When I encounter a while(true) loop, that tells me either

  1. the break condition is not easily tested at the top (or bottom) of the loop,
    • there are multiple break conditions,
    • or the prior programmer was too lazy to factor the loop properly.

1 and 2 means you might as well stick with while(true). (I use for(;;), but that's a style thing in my opinion.) I'm with another poster, why dread this? I dread tortored loops that jump through hoops to get the loop rolled "properly".


Do we really need to refactor while(true) loops? Sometimes it's a coding standard and most of the developers has got used to this structure. If you have to think hard on how to refactor this code, are you sure it's a good idea to refactor it?
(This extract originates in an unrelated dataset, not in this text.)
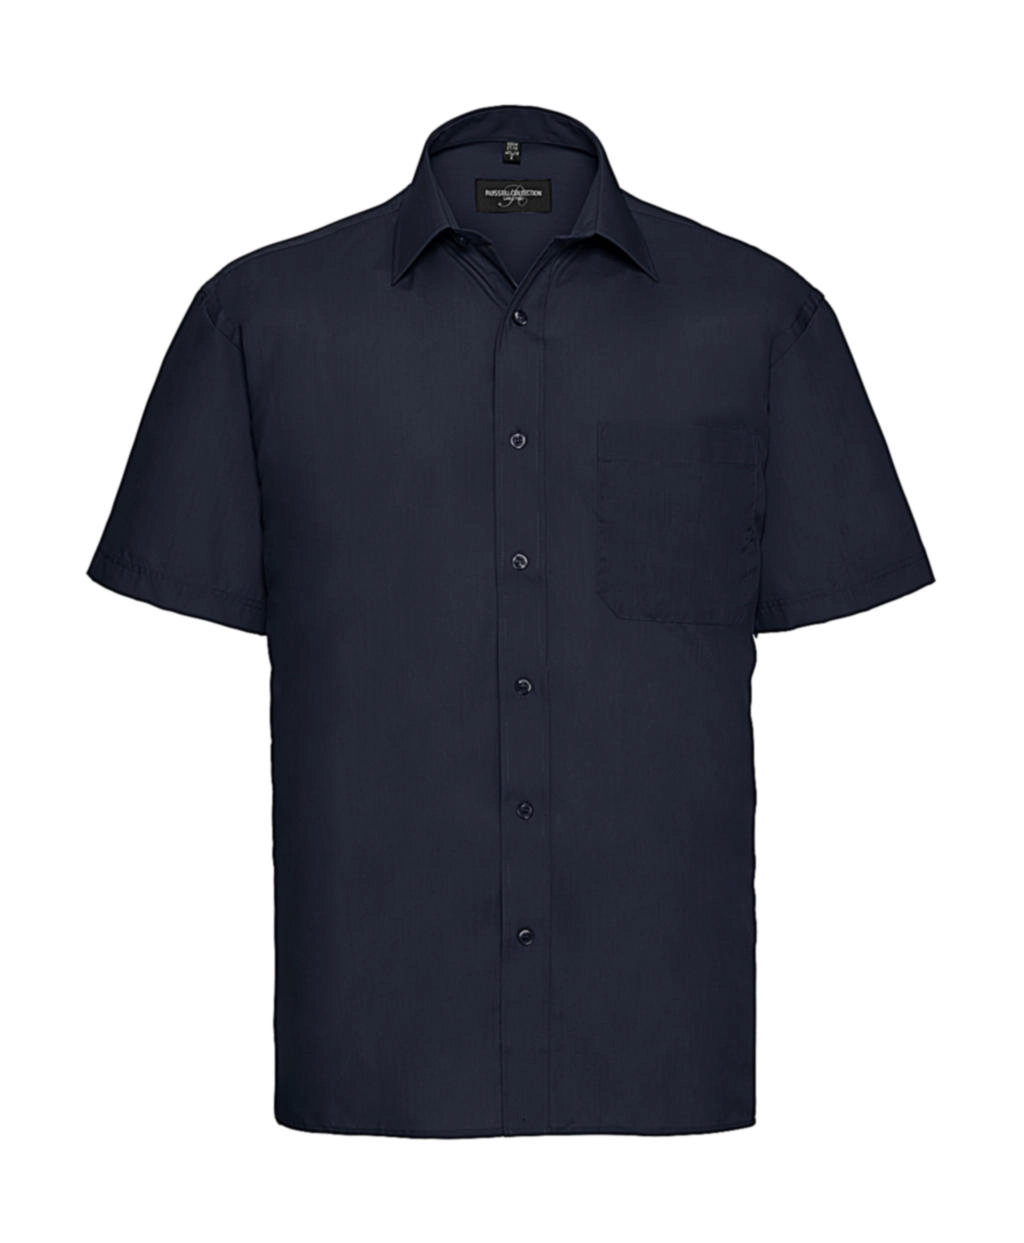 Poplin Shirt zum Besticken und Bedrucken in der Farbe French Navy mit Ihren Logo, Schriftzug oder Motiv.

Goto used to be a black sheep in coding standards. I've met algorithms where goto made the code much more readable and shorter. Sometimes it doesn't worth to refactor (or better to use goto).

On the other hand you can avoid while(true) most of the time.


What's so dreaded about it? Try finding a common break condition and refactor it to be the head of the loop. If that's not possible – fine.


My preference would be

start:

   // code goes here

goto start;

This most clearly expresses the intent. Good luck getting it past your coding standards. (Wonder how much karma this is going to cost me).